Cricket analogy: It is like taking a raw ball-by-ball feed from one specific over and then still being able to apply further analysis filters, like isolating just the boundary balls, on top of that raw data.

ExecuteSqlRawAsync() and ExecuteSqlInterpolatedAsync() are the correct tools for bulk operations like UPDATE Products SET Discontinued = 1 WHERE LastOrderDate < @cutoff, since they execute directly against the database without loading entities into the change tracker first.

  • FromSqlRaw() and FromSqlInterpolated() let you drop down to raw SQL when LINQ cannot express what you need.

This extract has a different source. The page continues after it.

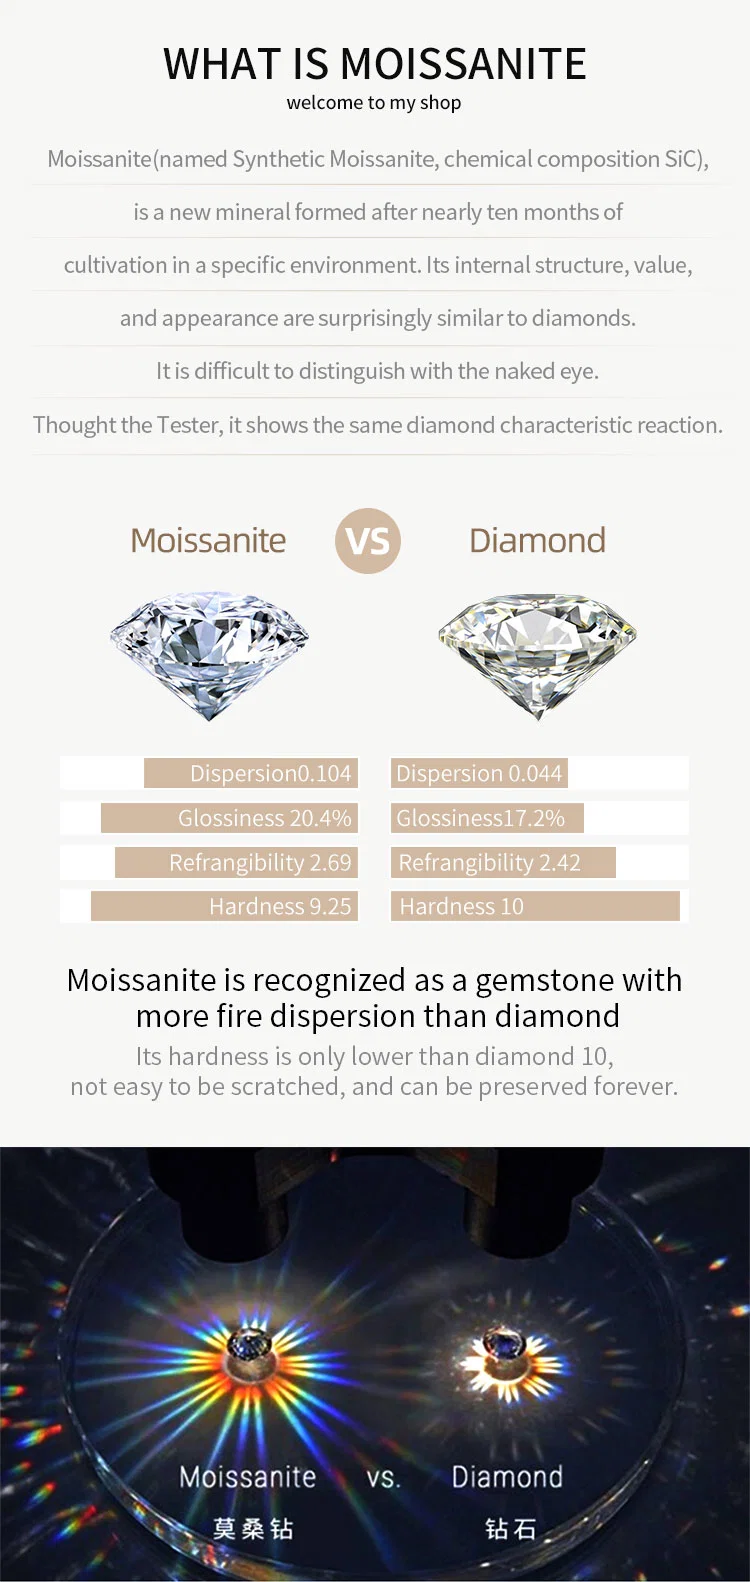 Xingyue Gems Moissanite Stone Custom, Wholesale Price of Gra Vvs Oval Kite Princess Bague Cut Loose Stones Diamond Moissanite
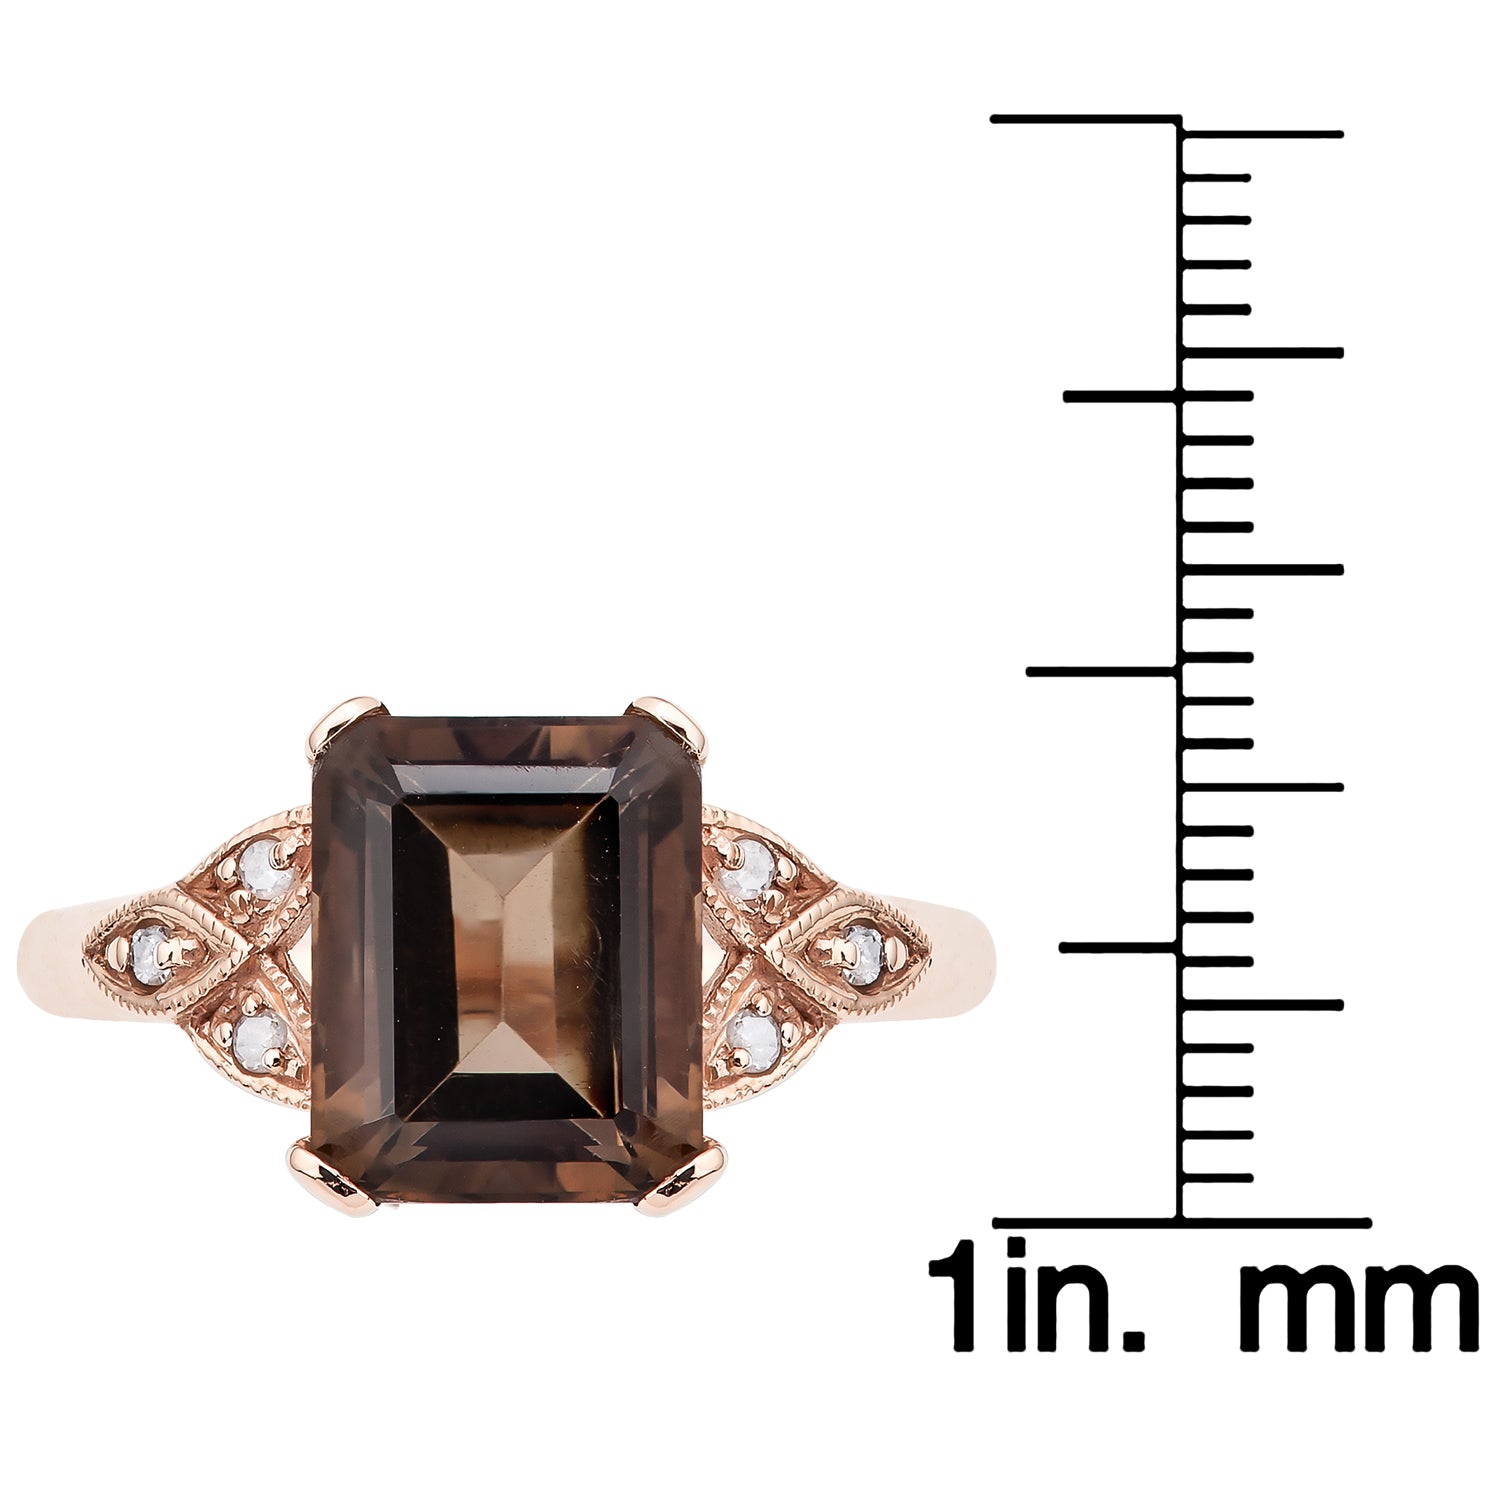 10k Rose Gold Vintage Style Genuine Emerald-cut Smoky Quartz and Diamond Ring

  • FromSqlRaw() requires explicit {0}, {1} parameter placeholders; never interpolate or concatenate raw values into the SQL string.
  • FromSqlInterpolated() accepts a FormattableString, giving natural interpolation syntax while still parameterizing values safely.
  • Raw SQL query results can be further composed with Where, OrderBy, and Include as long as all mapped columns are selected.
  • A raw query's SQL should avoid a conflicting top-level ORDER BY/GROUP BY when further LINQ composition is applied.
  • ExecuteSqlRawAsync()/ExecuteSqlInterpolatedAsync() run non-query commands like bulk UPDATE/DELETE directly, bypassing the change tracker.
  • Reach for raw SQL only for stored procedures, database-specific features, or genuine LINQ translation gaps, not as a default.